Mr. Speaker, it is interesting that the Liberals seem to be so sensitive about the issue of time allocation.
Let us go back to 1956. Mr. Speaker, you were but a young lad I am sure. The Liberal government of the day decided that a crucial parliamentary debate, a debate such as we had today, on the trans-Canada pipeline had tarried too long. It implemented a powerful but rarely used standing order of the day and invoked closure, shut down debate to force a controversial bill through the House of Commons. The hue and cry from the opposition parties, the media and ordinary Canadians was staggering. In the election that followed the travesty of democracy became a scourge of the Liberal Party and the government of the day slipped into the government of the past.
How times have changed. This week another Liberal government has invoked a form of closure. This is number 49, the 49th time the government has invoked closure. I think it will hit the golden anniversary of 50 some time this week. That will be 50 times that it has invoked time allocation and closure since it has come to power. That is the fastest 50 uses of closure in Canadian history.
Pipeline debates are passé nowadays, but debate on this bill, a very important bill to Canadians as the Liberal member prior to me mentioned, will be shut down. Debate will be silenced and the government will push it through and push it through again at the next stage because it has decided it is the easiest way to manage time in the House.
It is a vitally important bill. It involves not only a social principle. It could involve hundreds of millions, perhaps billions of dollars, worth of trade which could be at risk because of the bill. It is hugely important to Canadians and they want to see it properly debated in the House.
As I mentioned it is all over but the crying. The government has decided that there is very little political price to pay, so for the 49th time it will invoke closure or restriction on debate. We will be forced to vote on it tonight and it will pass into the annals of history as another time when democracy took short shrift.
The closure problem did not happen overnight. I do not want to point fingers at just one political party. The party that was in government before the Liberals also had this problem, although it took it eight years to reach 50 time allocation motions. This government has done it in five.
The political masters across the way have acted so consistently undemocratic over the past several years that in fact I would argue we have become callous to democracy's decline. The use of iron fisted party discipline means that MPs often vote to represent the party before constituents. The lack of electoral reform ensures that a majority government, in this case with only 38% of the national vote, has absolute dictatorial powers in the House of Commons, in the appointment process and in a hundred or a thousand different ways.

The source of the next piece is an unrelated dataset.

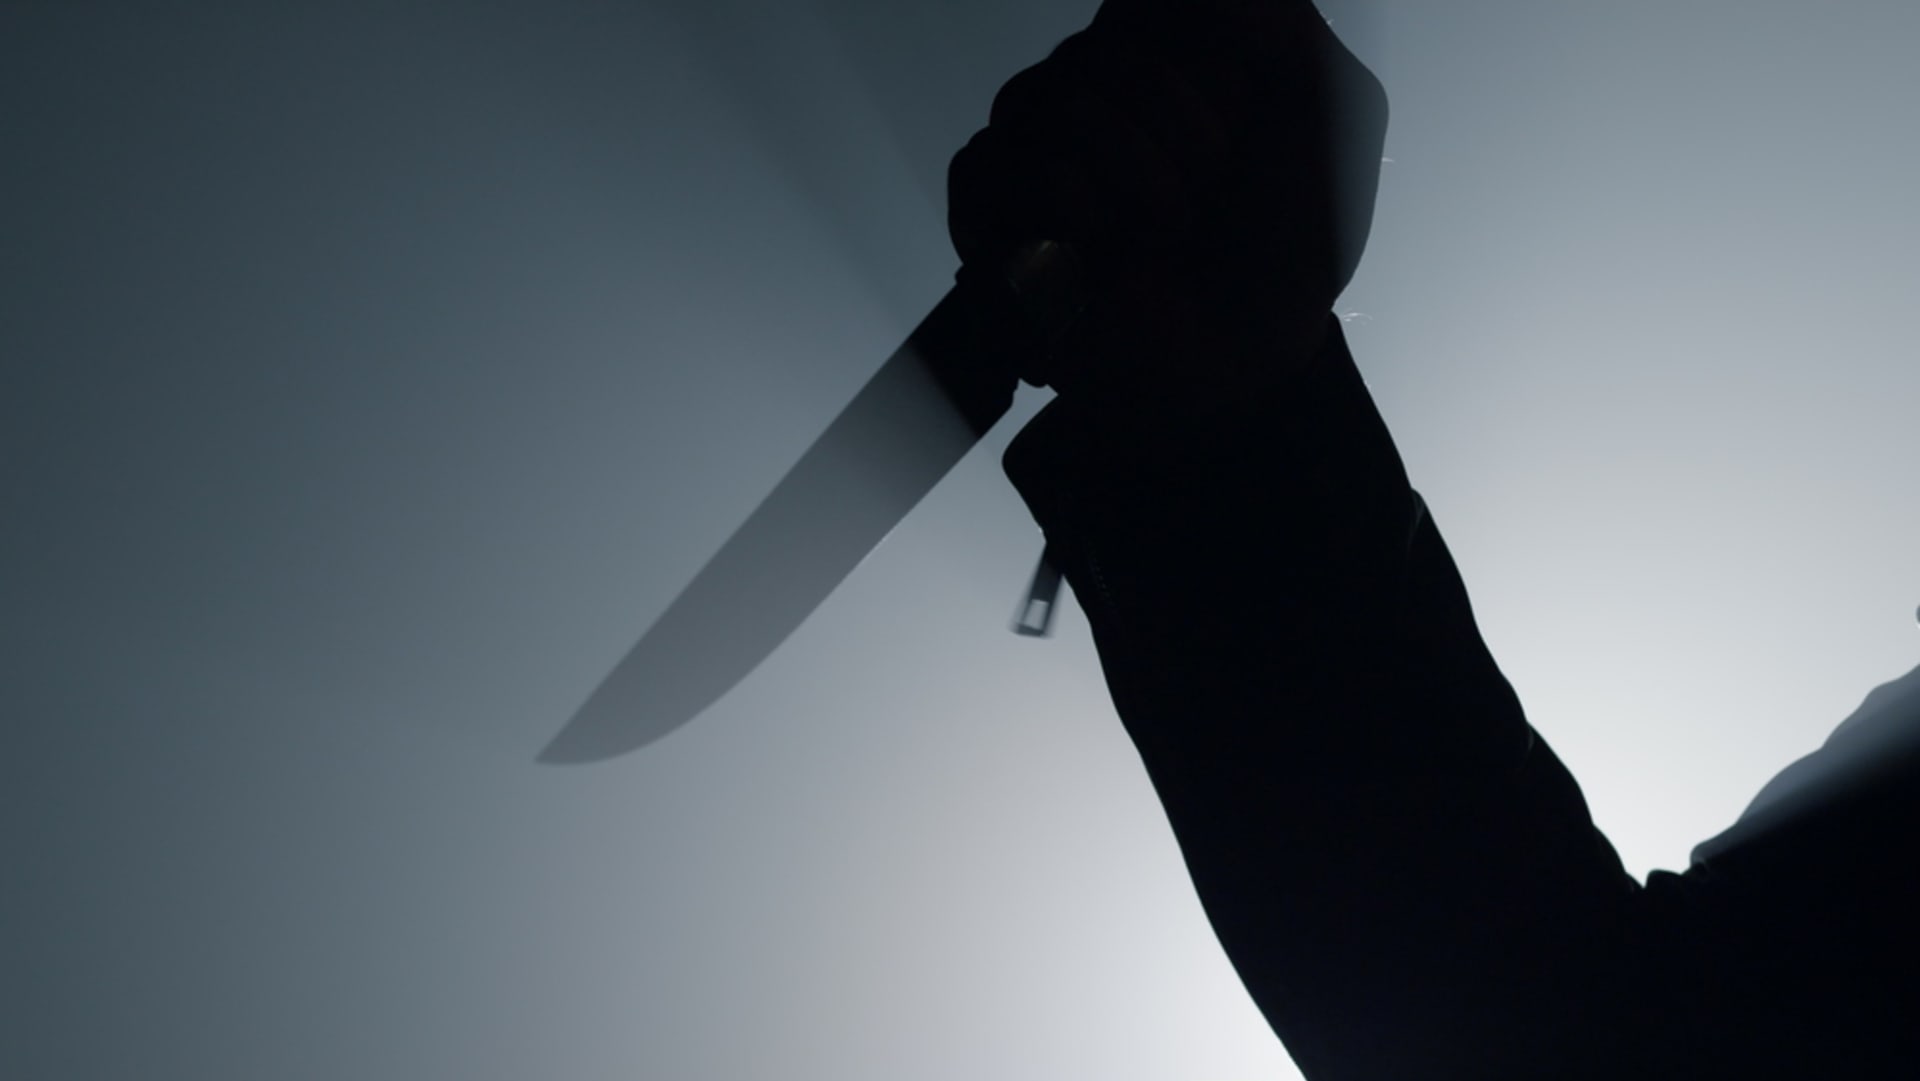 Útok nožem (ilustrační snímek)

Unfortunately successive majority governments over the last number of years also meant that power sharing was no longer necessary, or they felt it was not. As a result Canadians increasingly tune out the democratic process between elections. The Liberals interpret this inattentiveness as a licence to ignore everything, from unanimous all party committee reports that are tabled in this place, to the Auditor General of Canada who says he will not sign off on the books of the government because they routinely transgress standard accounting practices.
Yet government members say “Who cares? We have 100% of the power. We do not have to share it. We do not have to do what is considered routine or ordinary or normal or accepted in any other practice. We will just do as we please”. This is the 49th time they have taken that tact.
I recently attended a briefing on the current democratic reforms occurring in the United Kingdom. Although I do not claim that is the perfect democracy either, I listened to an interesting discussion at the high commission. Members of the mother parliament, as we like to call it, are forging ahead with what they would consider to be radical changes. They are talking about devolution of powers to local governments in Ireland, Wales and Scotland. As they do that strange things happen. Not only are they restoring peace and tranquillity to those regions, but they are also instilling a sense of pride in those regions.
Power sharing under this new proposal through either a coalition government or proportional representation will be routine.
For example, the chairs of the committees will be allocated not on the percentage of who holds absolute power but on the percentage of the seats that are held in the House. Imagine chairs being allocated in a fair manner.
The use of referendum to determine broad public policy and even constitutional matters will be commonplace. Those on the Liberal side say that is a radical proposal, actually giving power to constituents, but in Britain they say that would be okay. In fact they have already done it in Wales, Scotland and Ireland, and with miraculous results.
Guess what. When people have a say in the legislation and in the constitution they buy into it. They say “I have been part of the process. I will live with the results”.
Britain is one of the last holdouts for this unelected upper chamber in the world. The only other one in the free world is the Canadian Senate. It is the only other one that is unelected. Over there they are even toying with the idea of electing members. What a radical thought. What has got into those Brits? Have they gone completely over the edge? Imagine all this democracy at one time. How will they stand it? At the very least, the hereditary peers will be gone. It is unstoppable. The move toward democratization in that upper house is now inevitable and just a matter of time.
We are approaching the golden anniversary on time allocation, this black mark on the Liberal record. In the last parliament many high profile Liberals in government, esteemed people with perhaps as much procedural expertise as yourself, Mr. Speaker, were quoted as talking about the dictatorial Tory attitude on closure, about the fact that it was an affront to democracy. Now they seem to think it is routine business.
Within a few days we will see No. 50. Within a few more days we will see No. 51. I look forward to the day when they table the closure motion with the bill in the House of Commons just because it will be much simpler.